Yes, Shelter Islanders, in 2016 you get to be your own Santa Clauses, having expressed your concerns about water quality to the Town Board and how you want your tax money spent.
The town will pay an anticipated $37,600 for testing, but will dig deeper to come up with another $5,800 since learning that a 20 percent discount for testing won’t be applied to the first year of a three-year testing program.
That’s the word the Water Advisory Committee got Monday night from Supervisor Jim Dougherty. Mr. Dougherty said the Town Board is prepared to spend a total of $43,320 to test water quantity, as well as testing the quality of the Island’s water, including chemical content and saltwater intrusion into wells.
The 20 percent discount is expected to be applied during the second and third years of quality testing, acting WAC Chairman Ken Pysher said.

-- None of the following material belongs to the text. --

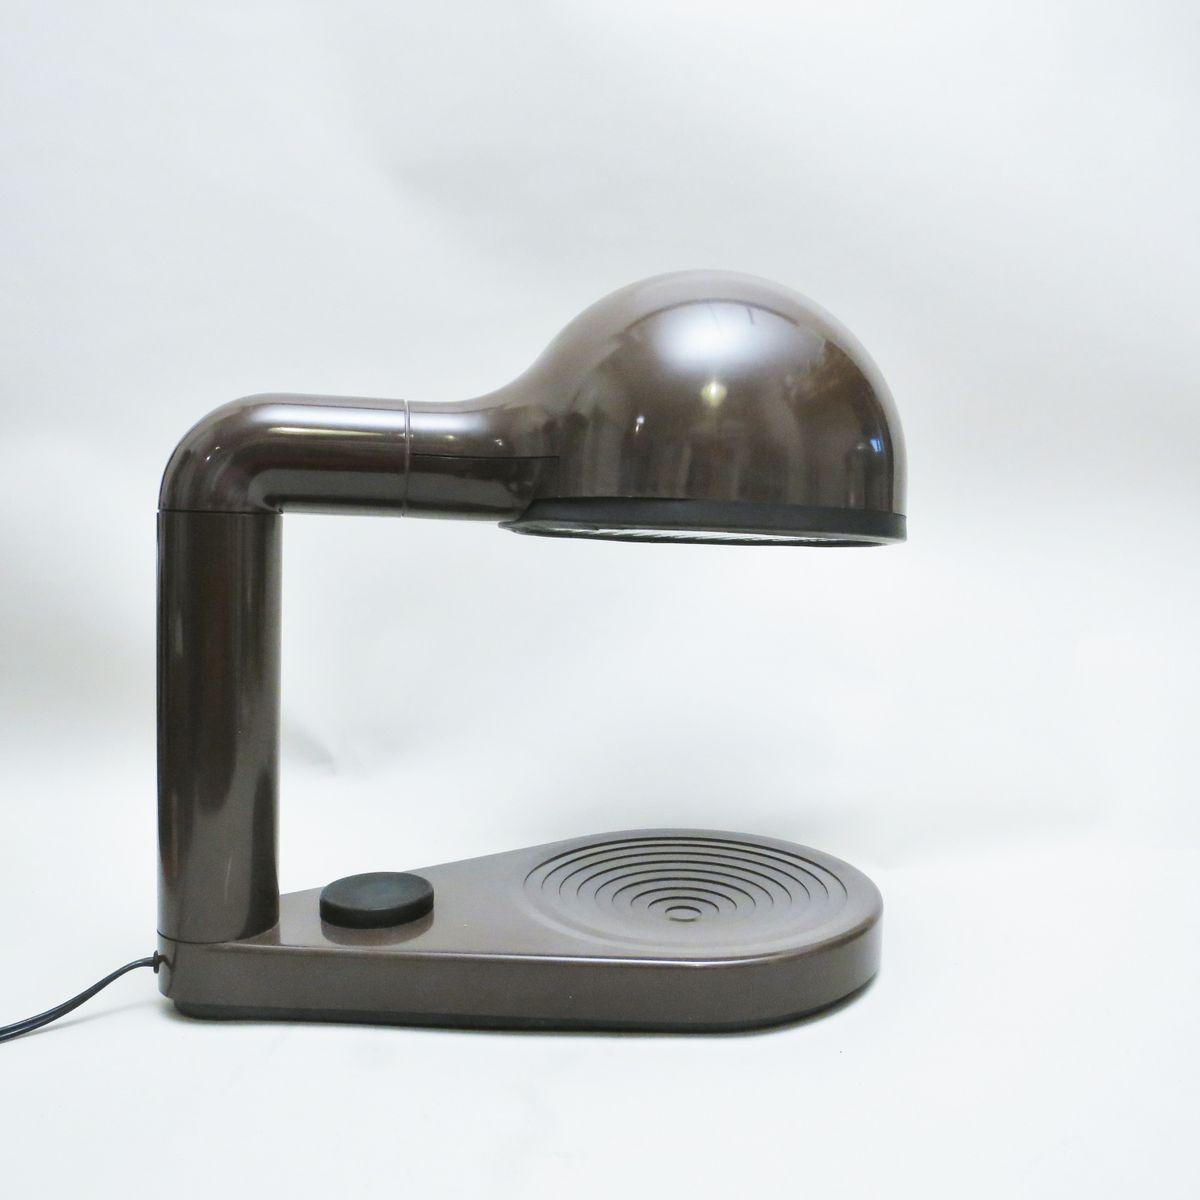 Drive Tischlampe von Adalberto Dal Lago für Bieffeplast, 1974

The WAC will set up a meeting, likely in January, with representatives of the United States Geological Survey to work out final plans for just what chemicals will be tested. Also on the agenda will be whether existing test wells will be used for both quantity and quality testing or additional wells will be included, Mr. Pysher said.
He also noted there will be a delay in meeting with Suffolk County Department of Health Services officials in Yaphank to review some definitions affecting water quality. With two new members —Jim Colligan and Mary Dudley — on the Town Board, WAC members want to wait until the board’s organizational meeting in January to determine who will be assigned as a liaison to the committee.
What’s in a name?
“Fragile zone.” It’s a concept that’s been discussed since June when a committee of Town Board members Peter Reich and Chris Lewis and Town Attorney Laury Dowd presented a proposal for new restrictions in some areas that would parallel parts of the New Shore overlay district.

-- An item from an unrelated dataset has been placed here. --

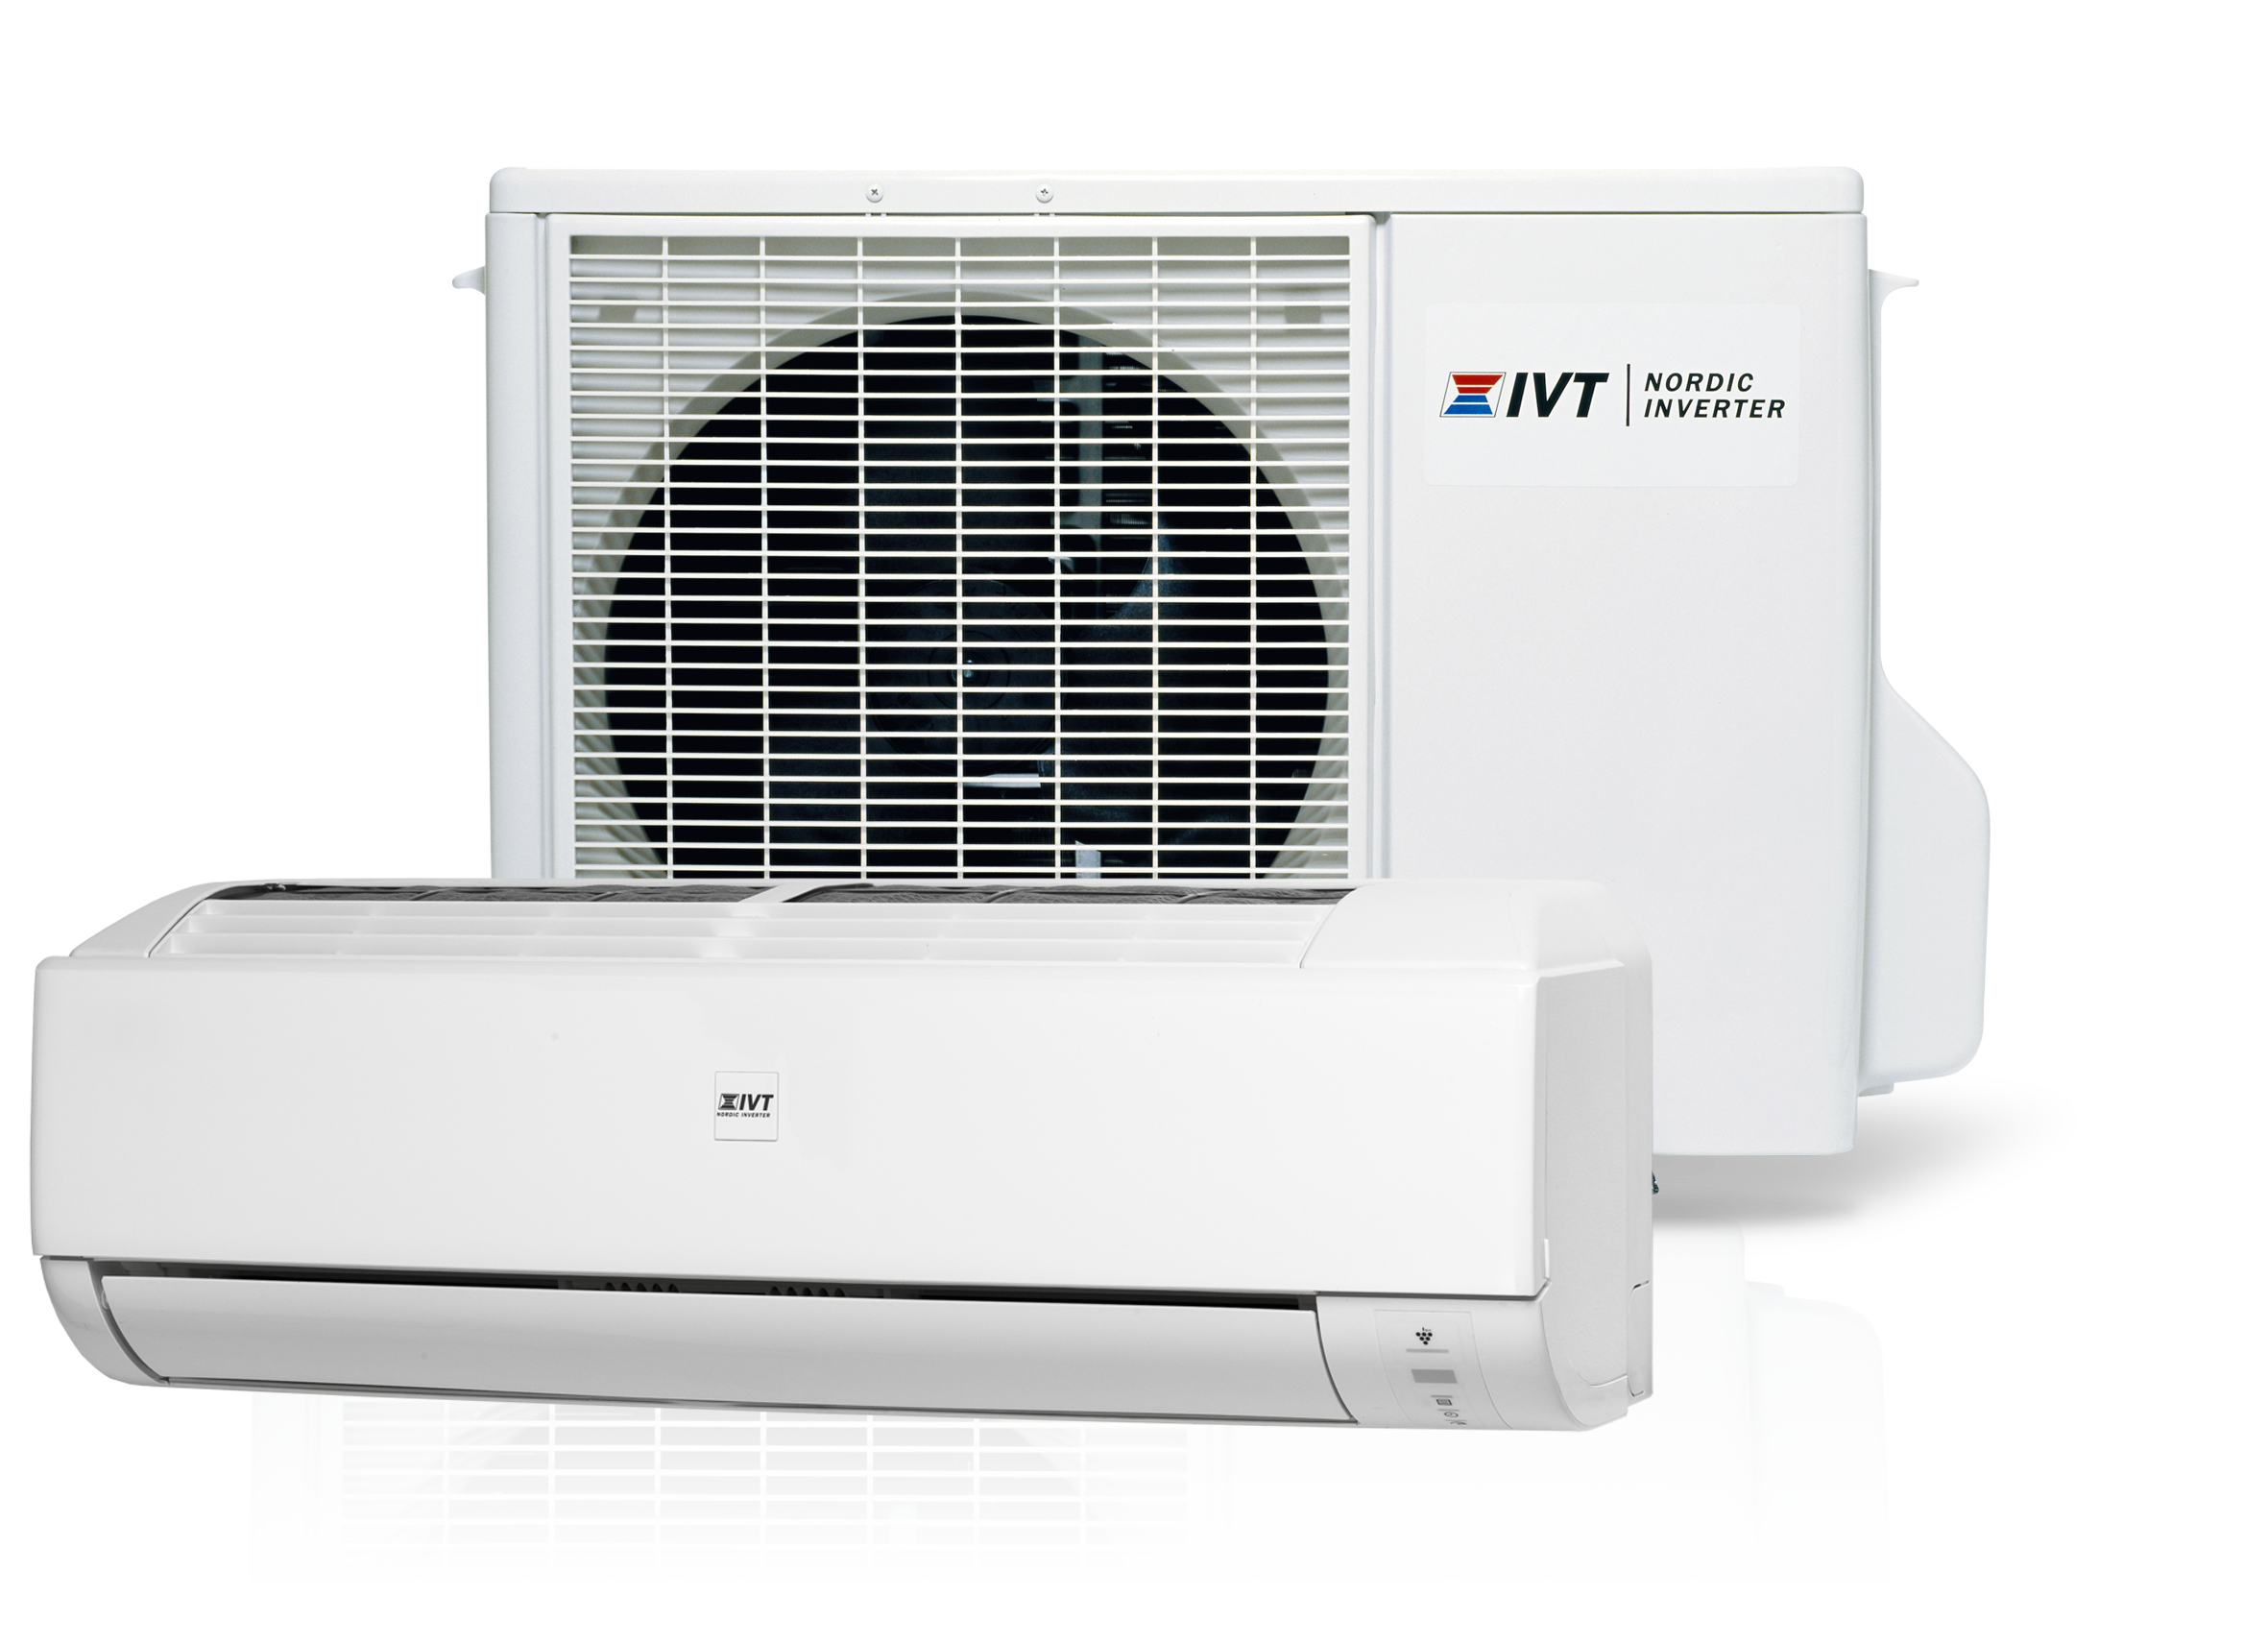 IVT-nordic-inverter.png

But while the Near Shore overlay district covers about 50 percent of the Island, the proposed fragile zone was intended to cover only about 20 percent — those areas most critically in need of protection of water resources.
It could include Silver Beach, Menantic Peninsula, Tarkettle Peninsula, Shorewood, both Ram Island causeways and Little Ram Island, Ms. Dowd told the Town Board at a June work session.
The goal was to achieve plentiful and fresh water by regulating the size of new house construction or reconstruction of existing houses.
At the time of its introduction, there were serious questions about the proposal. Mr. Dougherty asked how such a zone might affect property rights and suggested a new overlay district could be “confusing to the people we work for.”
The Planning Board had a look at the proposal and suggested it be scrapped. The WAC offered many suggestions to try and simplify the concept.
But by this week, the focus was on the name “fragile zone.” Some don’t like the idea of being identified with fragility, Mr. Pysher said. It needs a new name — perhaps “aquifer challenged,” he suggested.
Who’s in charge?
When John Hallman stepped down as chairman of the WAC last spring, Hoot Sherman reluctantly agreed to serve as interim chair, hoping someone else would step up to the plate. No one did until this fall when Mr. Sherman resigned from the committee and Mr. Pysher reluctantly accepted the acting chairman’s position.
This week, he told his colleagues he will be away for a couple of months beginning in January. No one has agreed to take the job, even as on interim basis, so it could fall to the Town Board to appoint a chairman, Mr. Pysher said.